In short, don’t be afraid to do your research, experiment with new technologies and hack around. Not all problems need to be solved with the knowledge you have as of now. The more you stick with knowledge you already have, the more outdated you get.

2. Variety gives you a wider perspective

This is perhaps the biggest advantage of introducing variety in your working styles. For example, Python programmers are excellent at writing short, crisp code. Java developers are amazing at Object-Oriented Software Design. C coders are exceptional at optimization. Now combine experience in each of these three, and you have a programmer who intuitively writes elegant and efficient code. I am not saying that you have to keep writing code in every language out there. But hacking around never hurt anybody! I don’t remember the last time I wrote some code in Java, but using that for my Object-Oriented Programming course has had a big, big influence on the way I implement classes in Python. And trying to write efficient algorithms in C++ helped me realize the importance of implementing clutter-free data structures in Python.

In short, the wider the range of tools and technologies you work with, the greater is the ways in which you approach a problem, and try to solve it. Trying to stick with just one all your life will most probably give you a very linear way of thinking.

3. Variety makes you more flexible

As I mentioned, I don’t remember the last time I wrote code in Java. However, if tomorrow my work does involve me writing Java code, I don’t think I would be completely screwed. In fact, I recently had to turn to Javascript for one of my projects. Anyone whose done work in Javascript knows how it can be so much different from Python/Java/C in some subtle and some not-so-subtle ways.
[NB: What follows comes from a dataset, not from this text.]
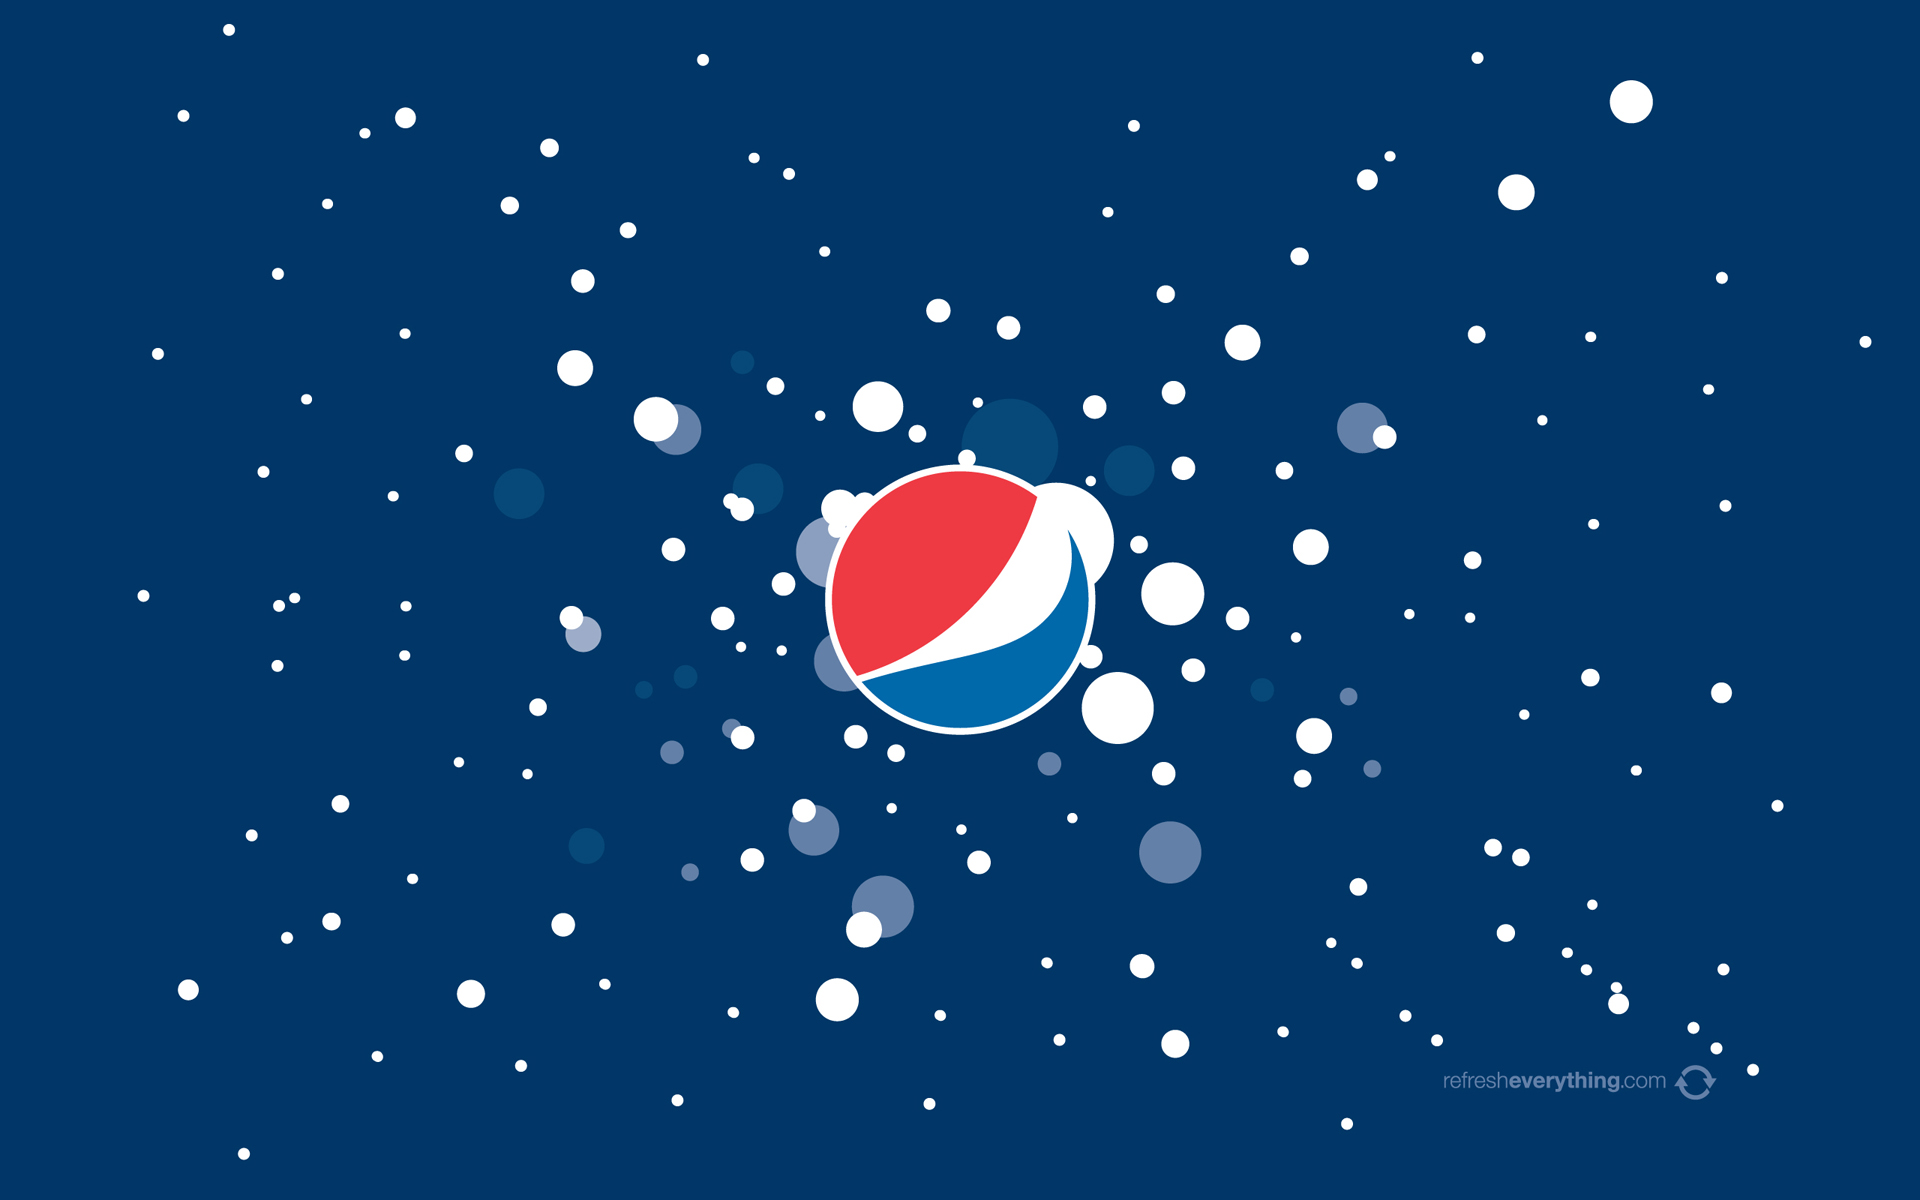 Products Pepsi HD Wallpaper | Background Image

Yes, I was a little confused at first, but the fact that I have worked my head around a few languages before, reduced the overhead of adapting to new stuff to a great extent. And thats where another big advantage of variety comes in.

Variety makes you more flexible. It reduces the time it takes for you to learn new things, and adapt to new ways of doing things and solving problems. And with Agile development being the norm with software architecture today, you just cannot afford to be rigid in the way you approach code.